Если бы Николаю II пришла в голову фантастическая мысль призвать к власти, в качестве ответственных министров, с-ров и с-деков, то, безусловно, получилось бы правительство, которое, за полным отсутствием конкретных знаний, политического глазомера и бюрократических навыков, оказалось бы явно неспособным к управлению страной. Дальнозоркие профессионалы революции, а кроме того, весьма дельные профессора, инженеры, доктора и учителя сразу же превратились бы в близоруких дилетантов управления. Но что это значит? Только то, что деловитость теоретически приобрести нельзя, что она вырабатывается лишь на практике. Практики же управления государством интеллигенция в самодержавном государстве приобрести не могла и тем менее, конечно, могла, чем она левее была по своим убеждениям. Не идейностью объясняется, таким образом, неделовитость русской интеллигенции и не беспочвенностью, а тем, что революционерам не было возможности практиковать свои идеи. Отсутствием этой возможности определяется и характер революционной идейности: ее особого вида рационализм, который, замещаясь религией, по мнению Федотова, берет от нее лишь догматику, понимаемую рационально, и святость, понимаемую этически. Мне кажется, было бы более правильно не вводить в определение интеллигентского миросозерцания определенно христианских понятий. В религиозной окрашенности интеллигентской идеи сомневаться не приходится, но для этой идейности прежде всего характерна подмена христианской веры — верой в абсолютную истинность и спасительную силу навеянных Западом социальных учений. В этой подмене, забывающей о том, что мир во зле лежит и что судьба человечества трагична, коренится наиболее характерная черта интеллигентского миросозерцания — его утопизм.

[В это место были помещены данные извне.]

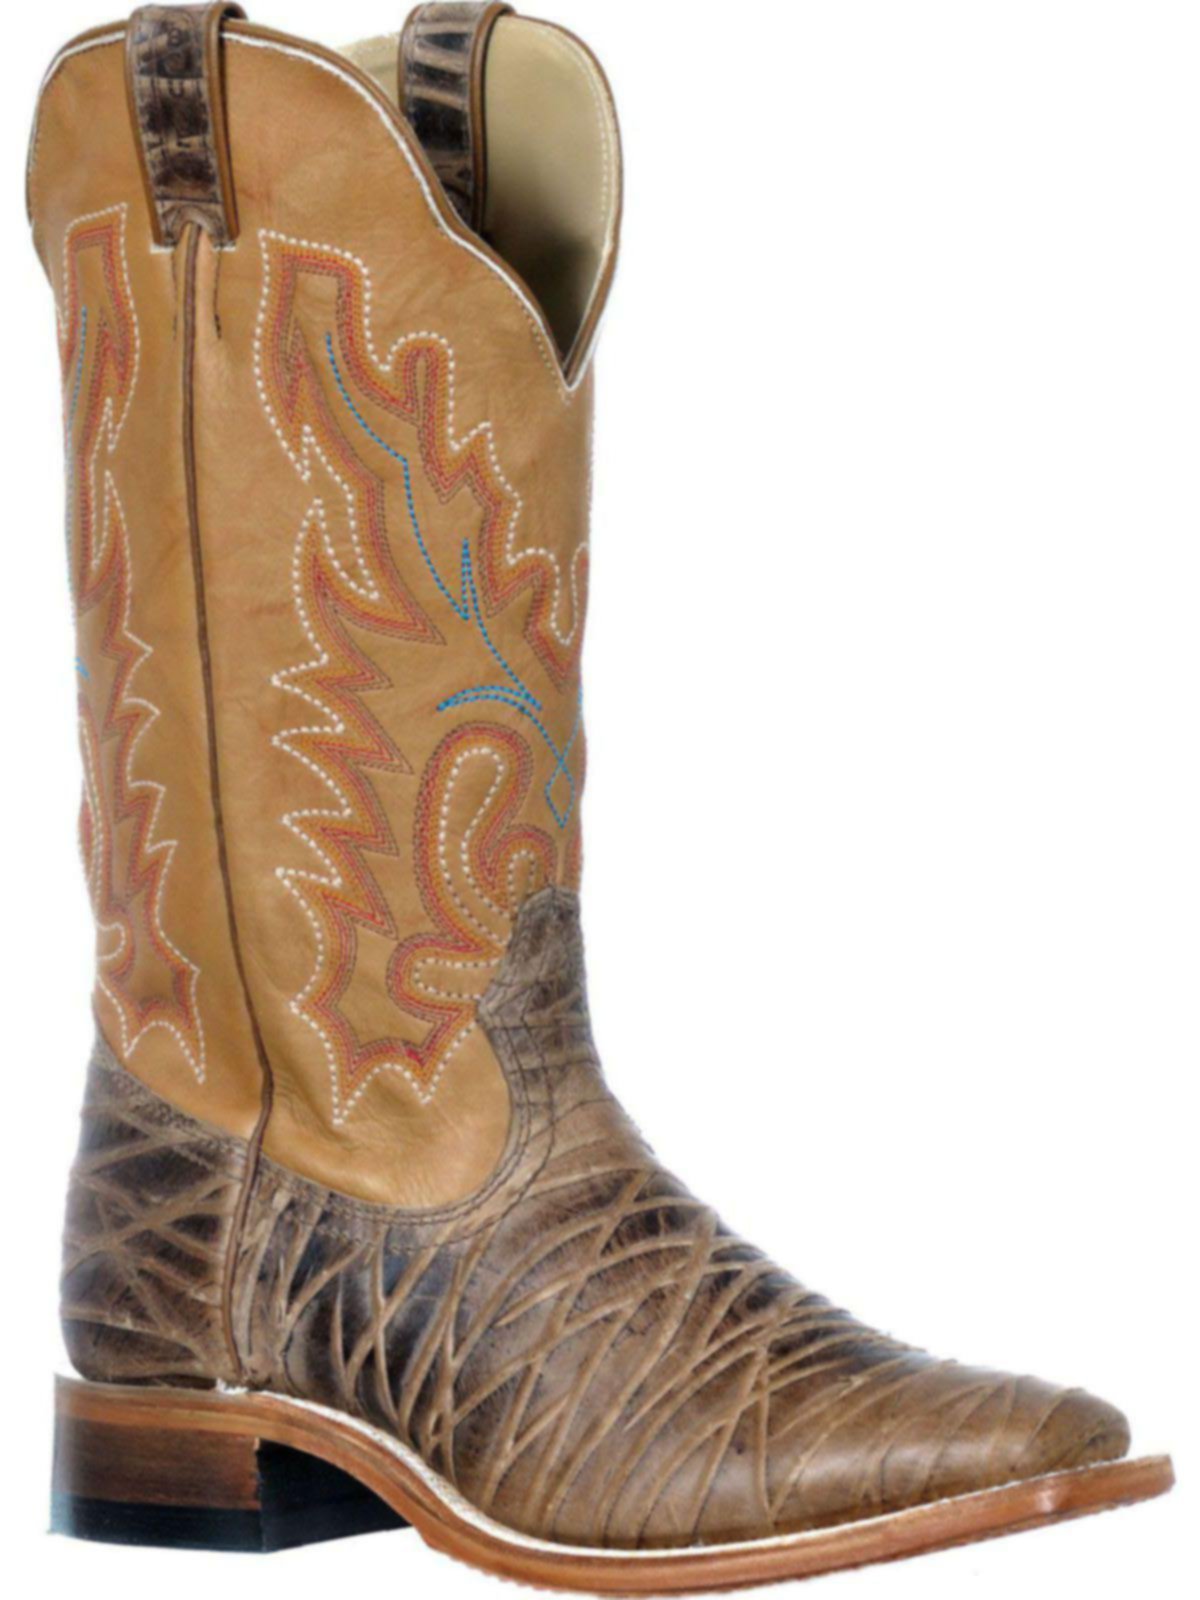 Shop Boulet Womens Deerlite Butterscotch Wide Square Toe Cowgirl Boot ...

Нет спору, защищала интеллигенция свои верования, не щадя живота. Перед героизмом народников, о которых так проникновенно пишет Федотов, — нельзя не преклоняться. Но эта великая жертвенность все же не святость. И тут дело не только в терминологии, но и в определенном ощущении климата революционной борьбы и характера революционного геройства.

Прикидывая на первых же страницах своей статьи определение интеллигенции как «идейного штаба русской революции», Федотов подчеркивает, что такое определение обыкновенно дают ей ее враги, почему он его и отрицает. Тем не менее, из целого ряда приводимых им примеров, да и размышлений, явствует, что он и сам не далек от такого понимания интеллигенции. Об этой его близости к вражьей точке зрения свидетельствует хотя бы то, что главное течение русской интеллигенции начинается, по его мнению, в Белинском, расширяется в народничестве, которому он отводит центральное место, и завершается революционерами XX века. Близость к пониманию интеллигенции как революционного штаба революции подчеркивается еще и тем, что Федотов исключает из нее всех почвенников: Самарина, Хомякова, Островского, Писемского, Лескова, Забелина, Ключевского, всех людей консервативного, враждебного революции сознания. С таким пониманием революционного ордена как-то не вяжется требование Федотова «не забывать, что русская интеллигенция целые столетия делала общее дело с монархией». В качестве таких монархистов-интеллигентов Федотов называет таких почвенников, как Ломоносов и Державин. Вряд ли можно сомневаться в том, что зачисление в ряды интеллигенции, наряду с Белинским, народниками и революционерами, не только таких критиков монархии и исторической России, как Соловьев и Чаадаев, но еще и Державина с Ломоносовым, лишает это весьма важное для русской социологии понятие всякого логического рельефа. Думаю, что если бы Г.П.Федотов был последователен в своих размышлениях, он должен был бы считать интеллигентами только тех людей, вера и борьба которых определили собою центральное русло интеллигентского движения.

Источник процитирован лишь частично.